The nature of the driver corresponds well with the nature of the city. In Tokyo, the taxi drivers average 58 years old, 20 years older than they were last generation. A demographic crisis is looming. Yet gender and immigration could remedy this as taxi drivers are overwhelming male in Tokyo and, of course, almost entirely Japanese. Perhaps taxi reform is a good starting point for Prime Minister Abe's "Third Arrow". In fact this reform is already underway as there are some female drivers -- but, sadly, many of these upstanding women tend to be temporary drivers, as they are relatives of hung-over male drivers. And, if you can believe the talento TV shows, there are even a handful of foreign taxi drivers (mostly from Iran), but passengers are understandably shocked to encounter them.

The demographics of Manhattan cabbies mirror and evoke their city too. The days of Travis Bickle, the white ex-marine with mental illness, played by Robert De Niro in the 1976 classic film "Taxi Driver" are long gone. Immigrant drivers have long been the rule rather than the exception. Just as Manhattan is known as a melting pot, so too are its taxi drivers: you may encounter a Haitian, a Punjabi, an Ethiopian, or an Armenian national before riding with a deranged native New Yorker driver. A few years back a Hungarian driver gave my husband a detailed lesson in Eastern Europe's macro-economy that might have made George Soros reverse his bets. He was spot on too. I love hearing the stories of these immigrant drivers and what they left behind in their home countries, always reminding me of the allure of the United States from the outside eye.

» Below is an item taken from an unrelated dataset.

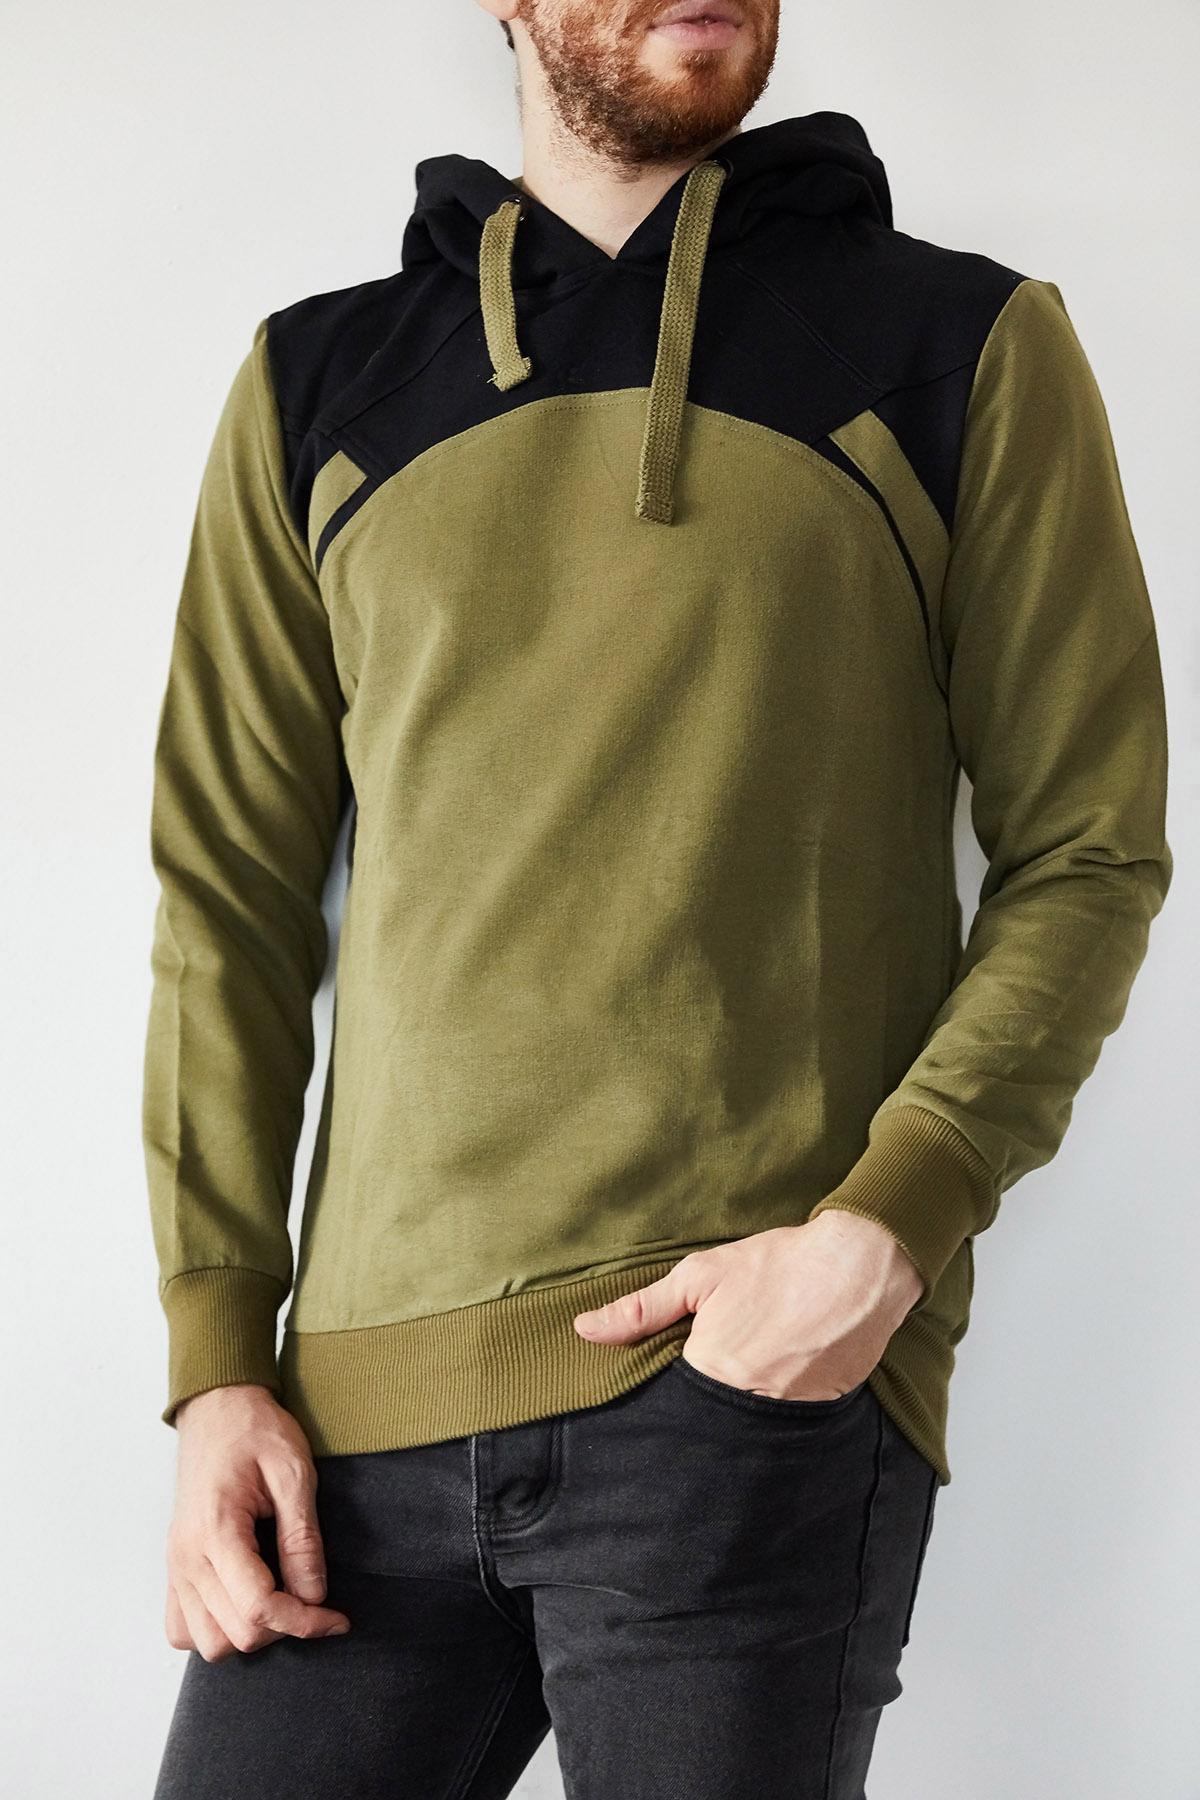 XHAN - Haki & Siyah Bloklu Sweatshirt 1KXE8-44173-09

With the two-decade plus recession, many Japanese drivers have pasts that they have left behind as well. Many of them lost their corporate jobs and then became drivers. Some one them share wistful tales of their salaryman heyday during the Bubble economy, where they traveled the world for their jobs. Now they travel the city's neighborhoods, in long shifts of riding alone for big portions of it. As colorful as NYC drivers can be, one shouldn't get the impression that Japanese drivers are boring. They are just more reserved and more thoughtful about the privacy of the passenger. Get a Tokyo cab driver going, and you can discover the best Hokkaido style ramen places open after midnight, the cheapest fishing boats to hire in Yokosuka Bay, the best neighborhood to buy your tchotchke-collecting aunt a fabulous present, or a stand-up bar where shots of shochu (Japanese vodka) sell for less than 200 yen. In fact, with some encouragement, I bet you can convince your driver to join you in these endeavors, which may be an interesting and legitimate way to get to know a slice of Tokyo!